Leeks are harvested year-round in some places, but I usually think of them as a cooler weather vegetable. (In the summer, if the temperature gets too hot, they can wind up with thick, woody cores.) They showed up at the farmers’ market here a few weeks ago, and I pounced on them. They’re still young and skinny, about the same diameter as a bottle cap, and they’re very sweet, which makes them ideal for simple preparations like leeks vinaigrette. We put them on the menu for our family dinner at Delancey on August 31, and with the help of our friend Olaiya, who was cooking with us that night, we tried something a little different.



Usually I would just steam the leeks, blot them to get rid of excess water, and then lay them out on a plate and drizzle them with dressing, à la Corentine. But this time, we decided to boil them in big pots of salted water, both to cook them faster - we had 40 people to feed - and to infuse them with some seasoning. Then, while they were still hot, we tossed them with a good amount of vinaigrette, hoping that they would absorb it as they cooled. Rather than tasting like plain leeks topped with vinaigrette - which tastes fine; don’t get me wrong - these tasted like a third, even finer thing: leeks fused with vinaigrette, leeksandvinaigrette, rich and saucy. We served them warm, topped with a little more vinaigrette, chopped hard-boiled egg, and chopped bacon, and it was so good, so properly early fall-like, that I made it again yesterday. Only without the egg and bacon, because I got lazy. Either way, I think you’ll like it.


Leeks vinaigrette

I’ve written this recipe with wiggle room on the quantities of vinegar and mustard, and you should feel free to tweak it to your liking. It’s hard to go wrong, and anyway, your vinegars, oils, and leeks may taste different from mine. Whatever you do, it’s important to use a good, strong mustard for this dressing. I like the brands Edmond Fallot, Roland Extra Strong, and Beaufor. Keep in mind, too, that once a jar of mustard has been opened, it slowly loses its potency, so if you’ve had your jar for a while, you might want to invest in a new one.

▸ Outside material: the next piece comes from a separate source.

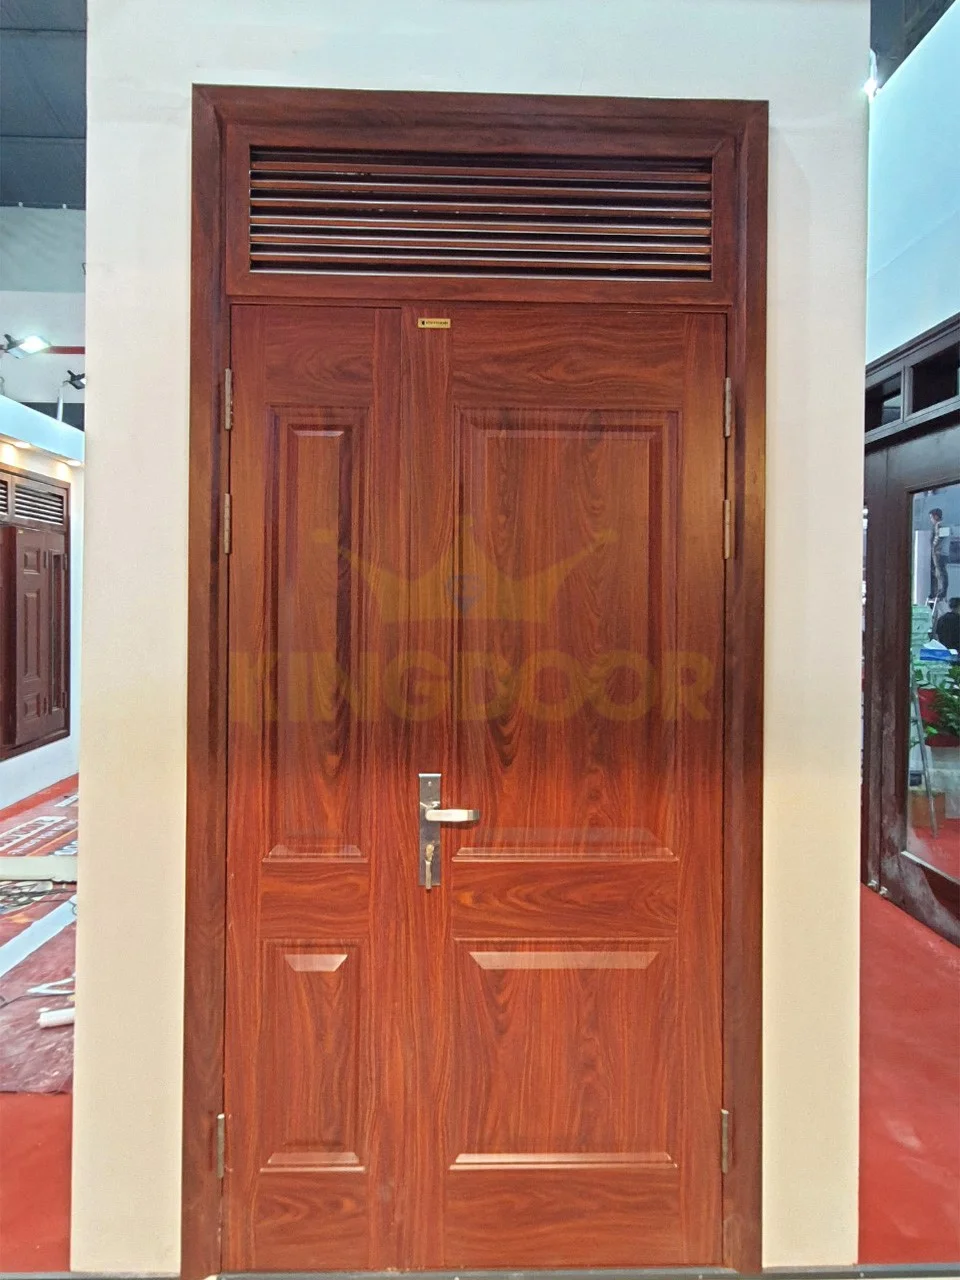 Báo giá Cửa thép vân gỗ tại Đà Lạt – Cửa chính, cửa sổ Cua-thep-van-go-2-canh-tai-Da-Lat-2

2 to 3 Tbsp. white wine vinegar
1 to 2 tsp. Dijon mustard
¼ tsp. salt, or more to taste
6 Tbsp. olive oil
1 small to medium shallot, minced
2 lb. small leeks (about 7 or 8)

Optional garnishes
:
Finely chopped bacon
Finely chopped hard-boiled egg

In a small bowl, whisk together 2 tablespoons white wine vinegar, 1 teaspoon mustard, and salt. Gradually whisk in the olive oil, mixing until emulsified. Taste. This dressing should be fairly bright, and the mustard flavor should come through, but not too powerfully. Adjust as needed with vinegar, mustard, and/or salt. When you’re happy with it, add the shallots, whisking to blend. Set aside. Be sure to taste it again later, just before tossing it with the leeks, so that if necessary, you can adjust it according to their flavor.

Lay a clean kitchen towel on the counter near the stove. Bring a large pot of water to a boil, and salt it well. It should taste like sea water.

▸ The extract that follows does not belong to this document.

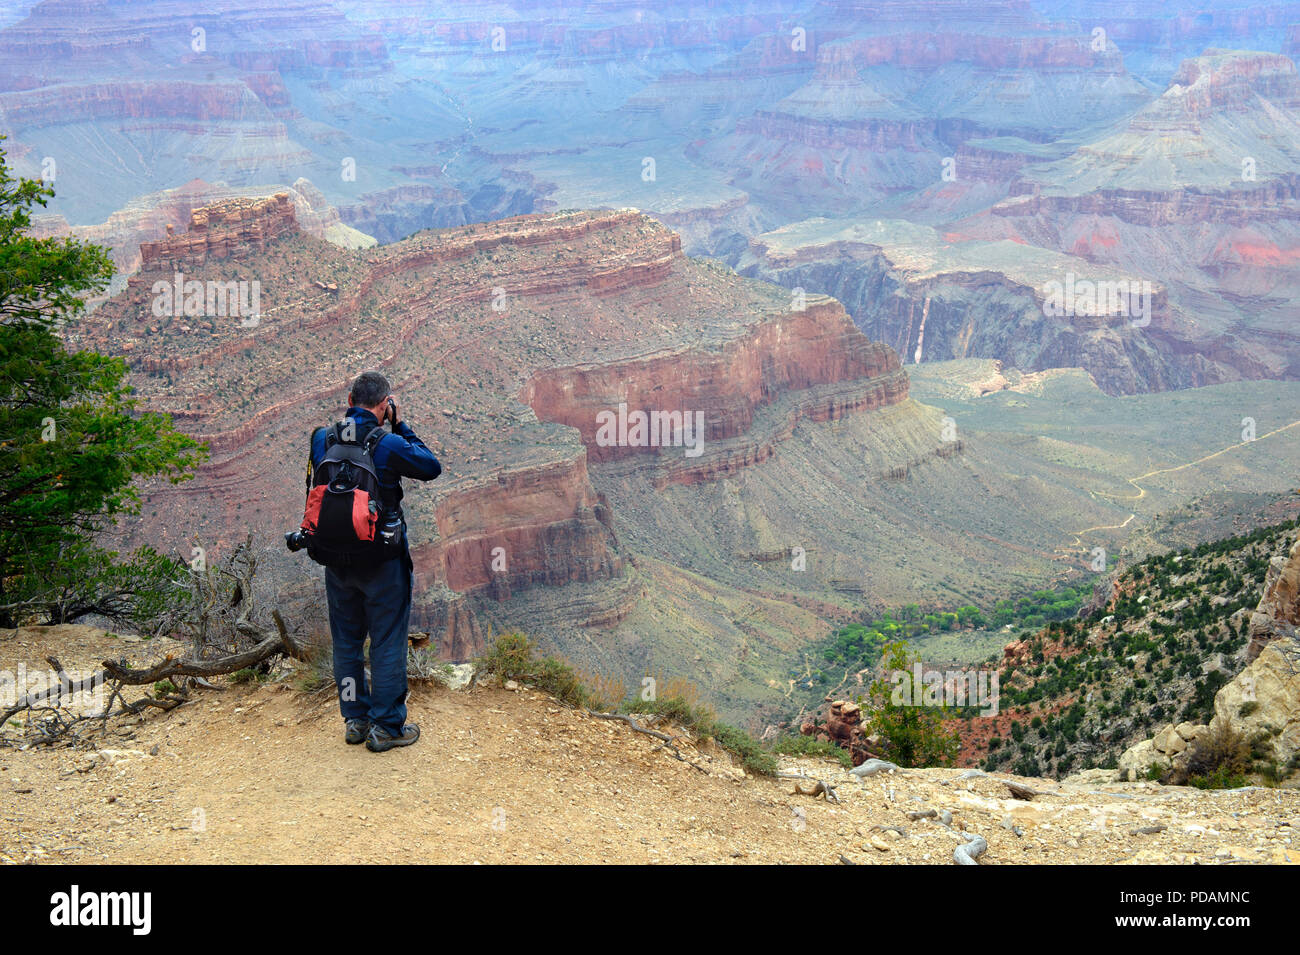 Der Mensch ein Bild von der Grand Canyon vom South Rim. Stockfoto

While the water comes to a boil, prepare the leeks. Trim away the hair-like roots, but take care not too cut in too far; you want the leek to stay intact. Cut off and discard the dark green leafy parts, leaving just the white and pale green stalk. Starting about 1 inch from the root end, so as to keep the white part intact, cut lengthwise down the middle of the leek. (If you were to splay the cut leek open, it should look like a stubby Y.) Wash the leeks well under running water, flushing any dirt from between the layers. Boil until they are very, very tender and yield easily to a knife. Their color will become muted, and they may be falling apart a little. That’s okay. To be sure they’re done, taste one: it should taste sweet, with no trace of raw flavor. The amount of time that this will take depends on their size, but it will probably take longer than you think. Ten minutes is a good bet.

Draining the leeks as well as you can, transfer them to the kitchen towel on the counter. Blot and press them dry. (Don’t burn yourself!) While they’re still hot, put them in a bowl, and toss them with a generous amount of the dressing. Allow to cool at least slightly before serving.

Serve warm or at room temperature, with more dressing spooned on top and a pinch or two of salt. If you want to make it a little fancier, garnish with bacon and/or chopped egg.